Routing can be divided into two categories or levels: level 1 routing refers to intra-area routing; while level 2 routing refers to inter-area routing. An IS (i.e., a router) that can only perform intra-area routing is referred to as a level 1 IS. Similarly, an IS capable of inter-area (or intra-domain) routing is considered to be a level 2 IS.
As a result of their functionality, a level 1 IS need only be aware about the level 1 ISs and ESs within its area and the nearest level 2 IS should a packet received by a level 1 IS require inter-area routing. In contrast, a level 2 IS must be aware of the topology of the area it serves (i.e., the level 1 ISs and ESs in the area); the other level 2 ISs within its domain; and how to reach all other areas within its domain.
IS-IS routing is the standard intra-domain (i.e., inter-area) routing protocol in the OSI protocol suite. The IS-IS routing protocol, being a link state protocol, requires each IS running the IS-IS protocol to determine (e.g., “meet”) each of its neighbors and assess the state of each link between itself and its neighbors. This information is stored in a link state circuit table which is used to generate Link State Advertisements or Packets (LSPs) which are transmitted or flooded across the network to each IS. A circuit identifies a logical connection or channel over which communication can occur. LSPs are transmitted whenever an IS determines that there has been change in a link between itself and a neighboring IS. For example, an IS transmits LSPs when it is determined that a link has failed or changed with respect to the link's cost metric (hereinafter “costs”), or when a new neighbor is discovered. Only those routers which are directly connected to each other can form an adjacency and become “nearest neighbours” (i.e. neighboring routers must be directly adjacent to each other and share a common data link).

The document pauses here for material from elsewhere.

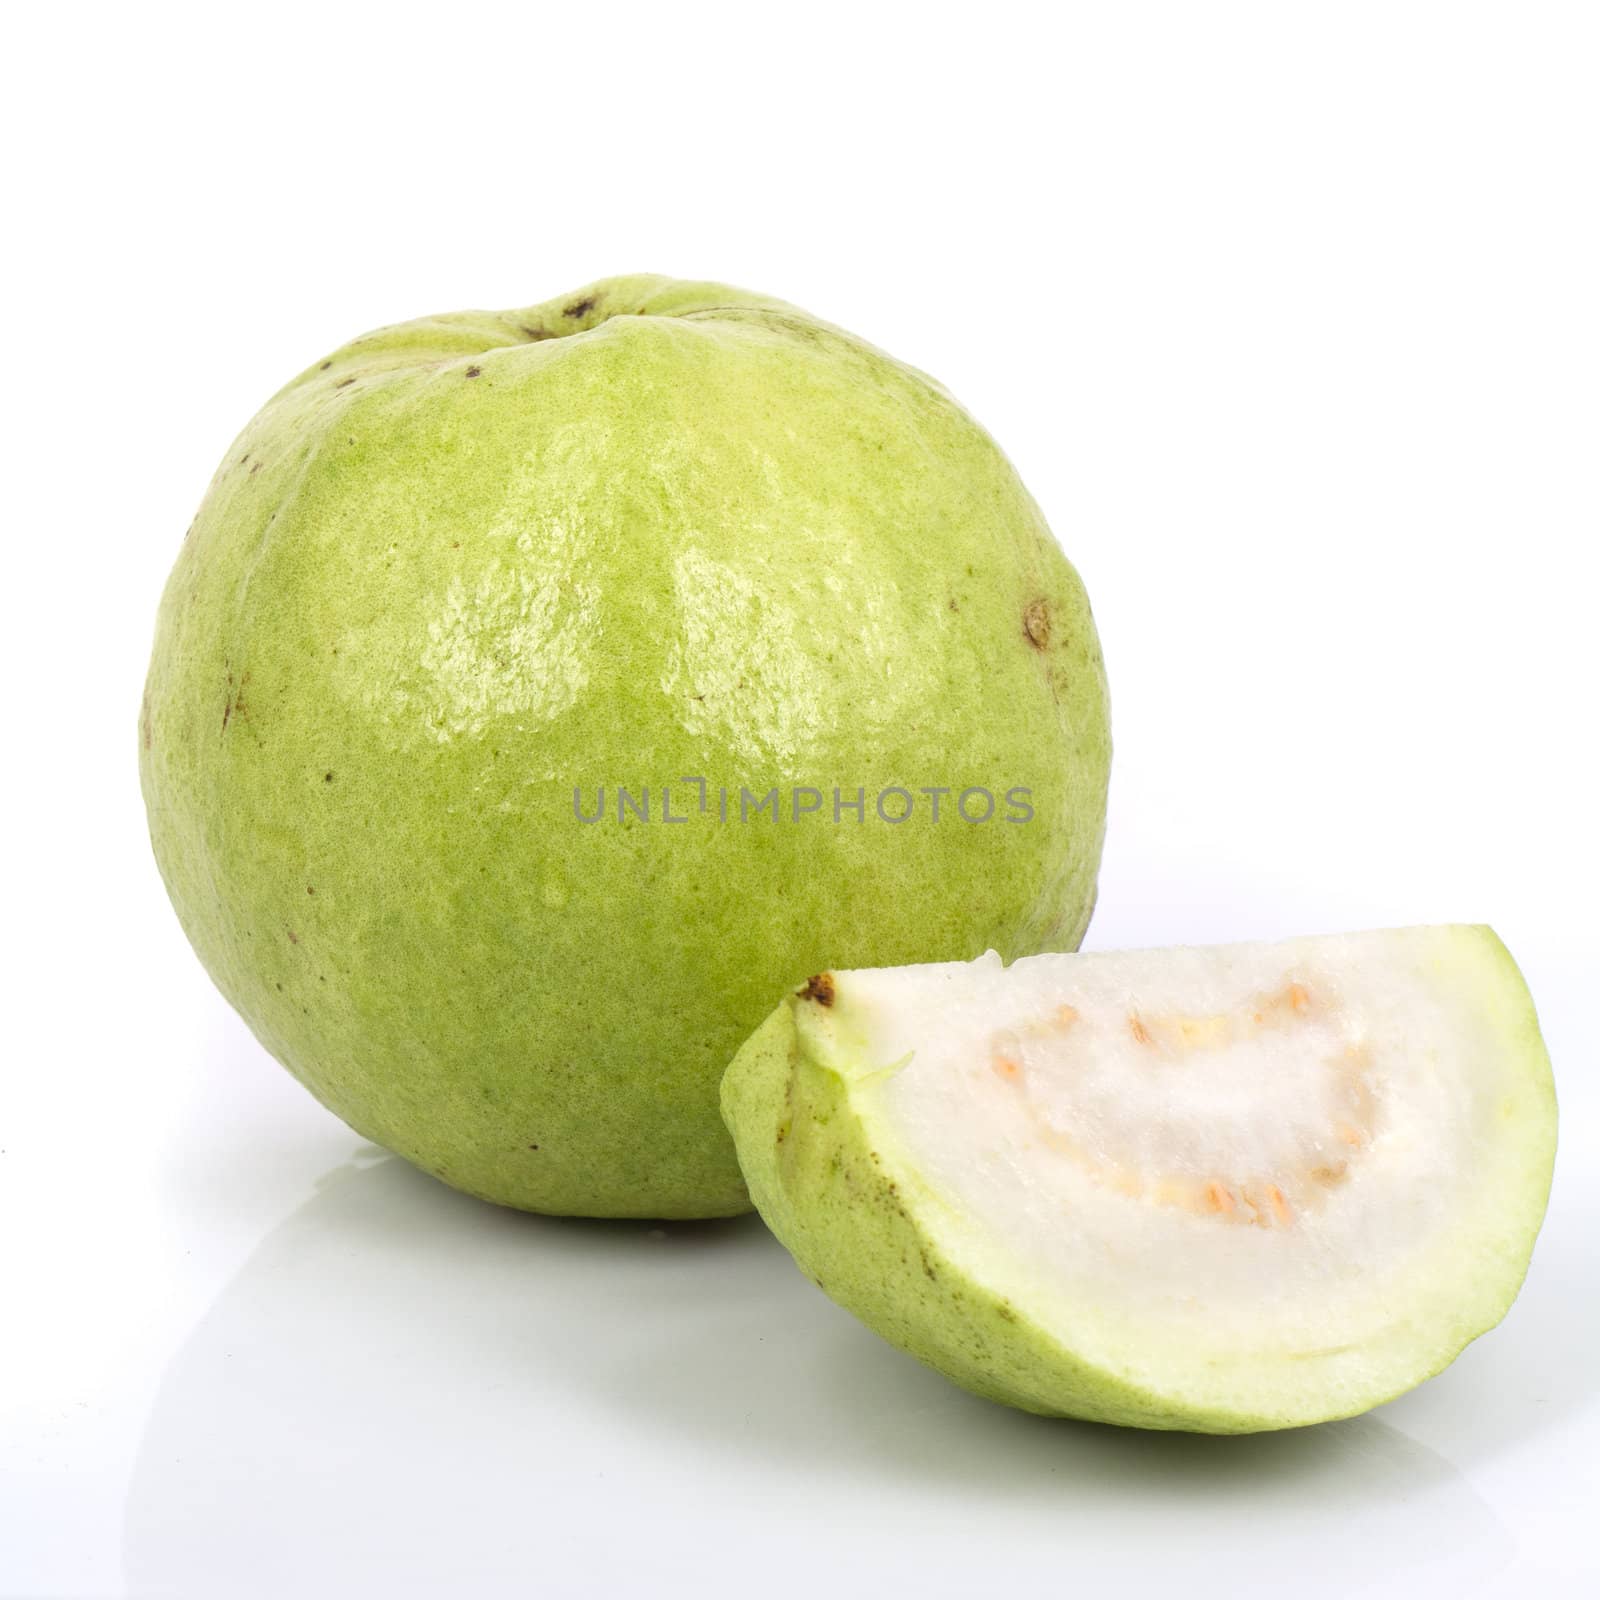 Guavas on  isolated white background
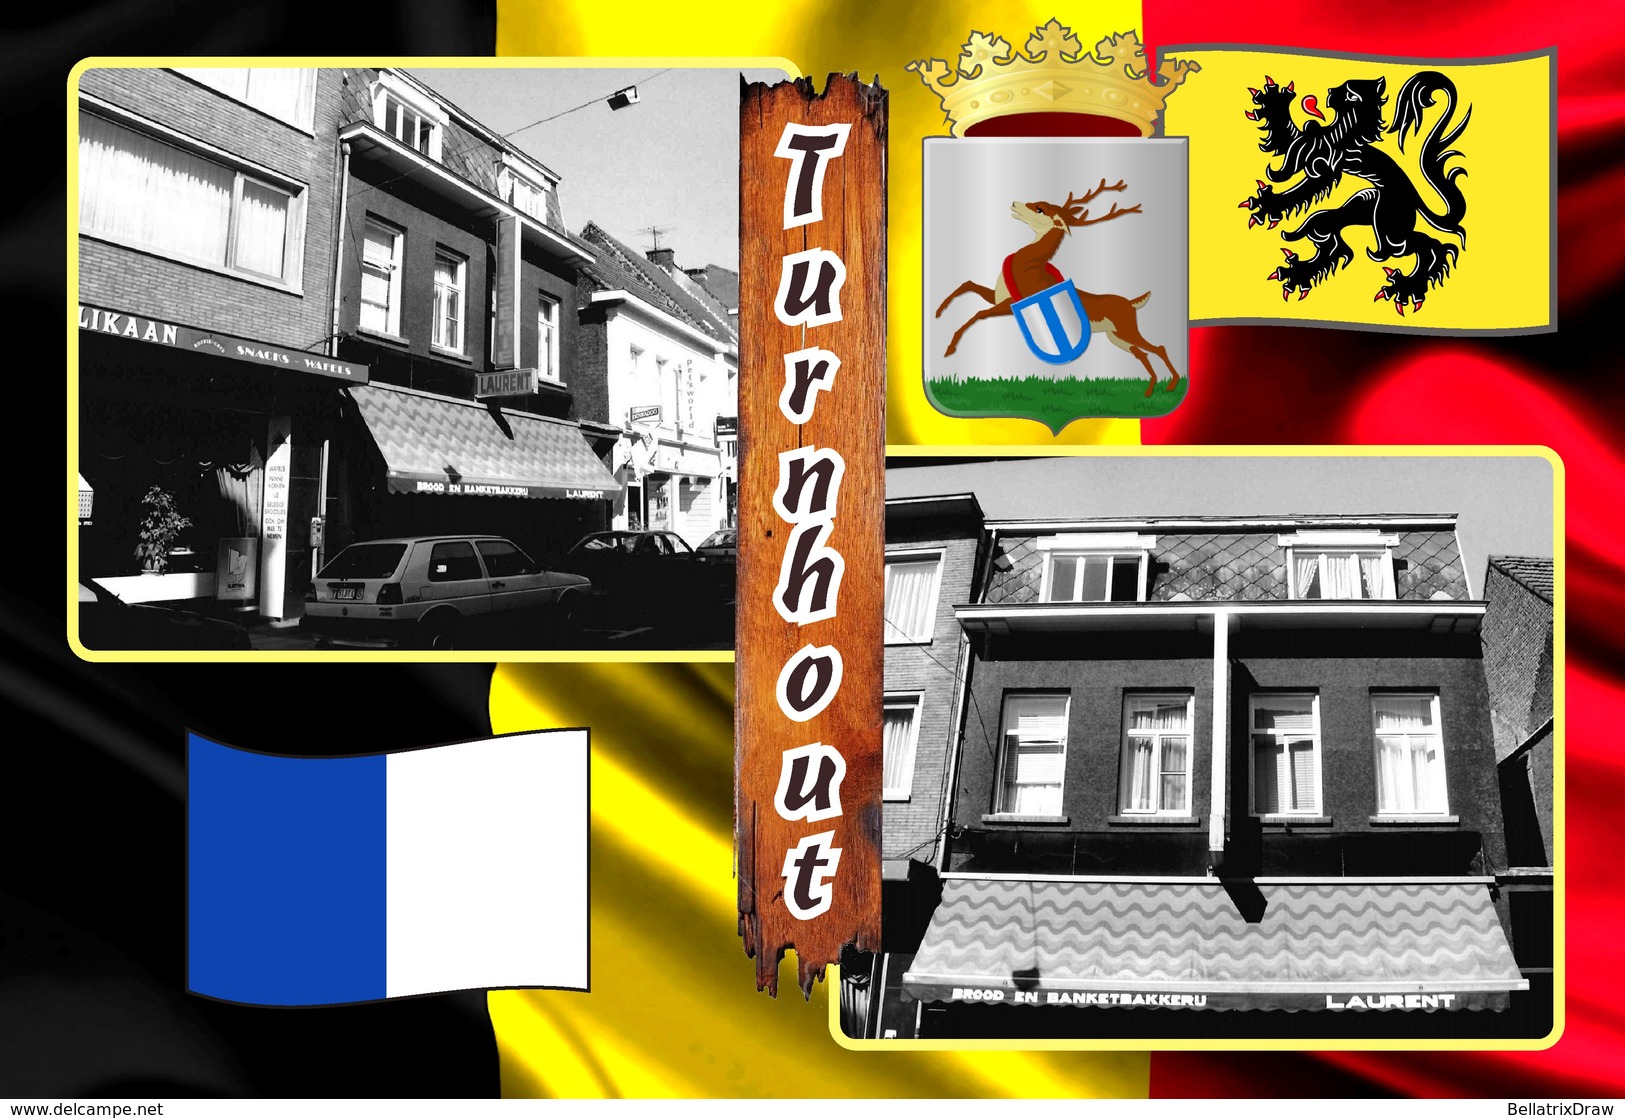 Postcards, REPRODUCTION, Municipalities of Belgium, Turnhout, duplex 295 - 345 = 51 pcs.

On receipt of these LSPs, an IS is able to determine a complete picture of the domain topology and compute optimal routes to each ES in the domain. The routing algorithm used by IS-IS is the Shortest Path First (SPF) algorithm.
Other information is also included in the LSPs transmitted and received by the ISs. For example, LSPs also include costs associated with the use of each link. As a result, costs associated with the optimal routes can also be calculated. Further, LSPs include sequence number and remaining lifetime fields which are used to determine if a duplicate LSP has been received, whether the link information is too old, etc.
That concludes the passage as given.